Including dynamic tasking into the overall BPM paradigm transforms what was once a series of peer-to-peer e-mails into a single, centralized dashboard. BPM + dynamic tasking clearly illustrates the origins and objectives of each task with a step-by-step snapshot of the task from inception to completion. The monitoring power of BPM provides a centralized pictorial view of the tasker that includes all individuals involved, all comments and collaboration, all attachments and all status information.

Conclusion

BPM is evolving and organizations around the globe are leveraging BPM solutions to design, monitor and optimize processes enterprise-wide. The traditional, static nature of BPM, however, is too rigid to accommodate today's dynamic business environment. The vast majority of work performed within organizations today -- roughly 80 percent by some estimates -- is executed in a dynamic, unstructured environment of e-mails, meetings, phone calls and face-to-face meetings.
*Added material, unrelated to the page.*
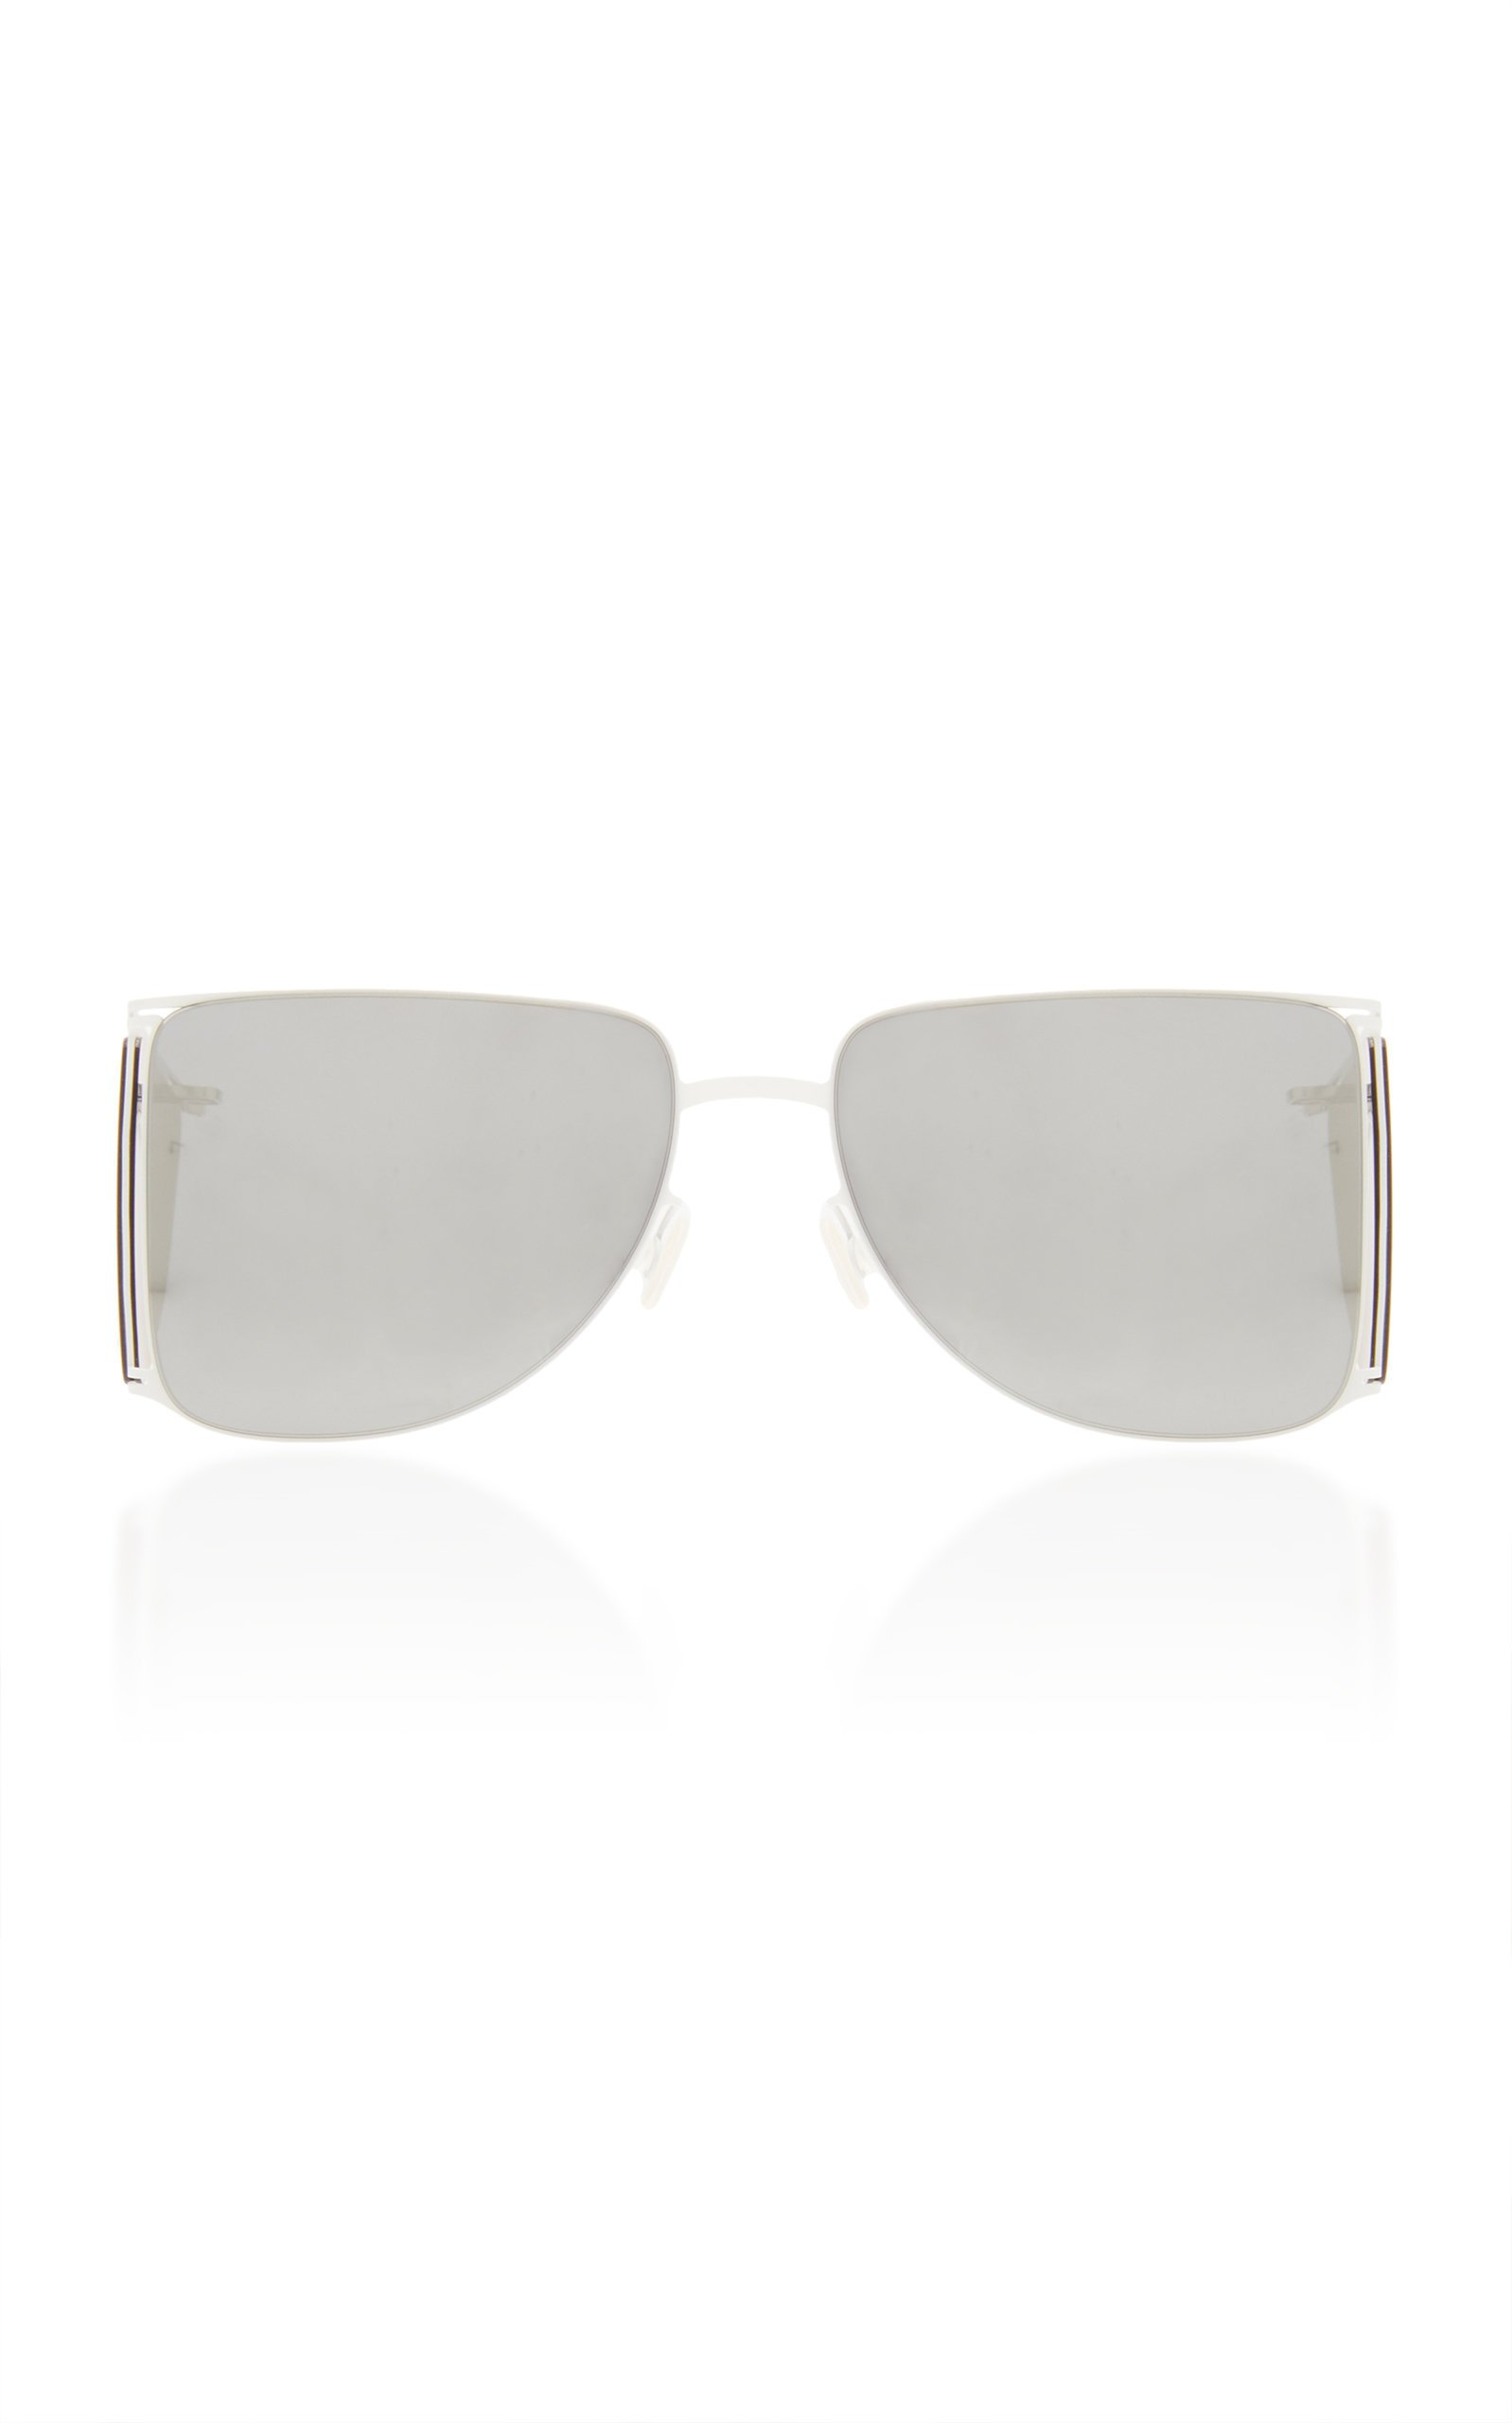 Helmut Lang X MYKITA Aviator-Style Sunglasses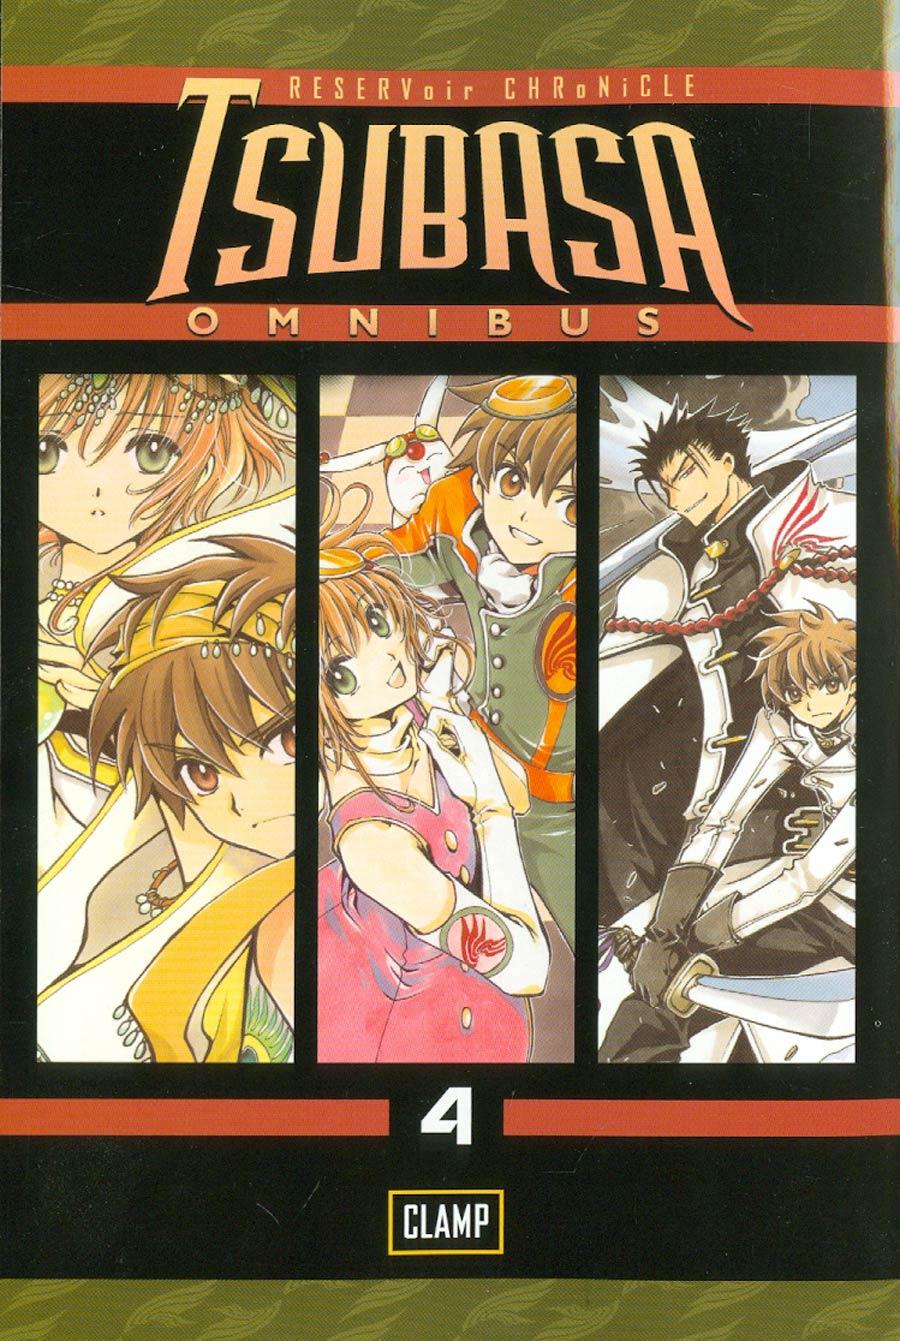 Tsubasa Omnibus Vol 4 GN

This world of noise lacks visibility, accountability and guidance. The result is a reactive, non-agile enterprise that is not driven by the directives of senior management and cannot improve based upon an understanding of what is or is not working on a daily basis.

BPM + dynamic tasking fills the void between process-driven work and e-mail clutter. It allows organizations to leverage the structure and automation of a BPM platform with the flexibility of e-mail. This approach helps drive breakthrough productivity throughout the organization by delivering integrated products for both structured and unstructured processes that make up today's dynamic work.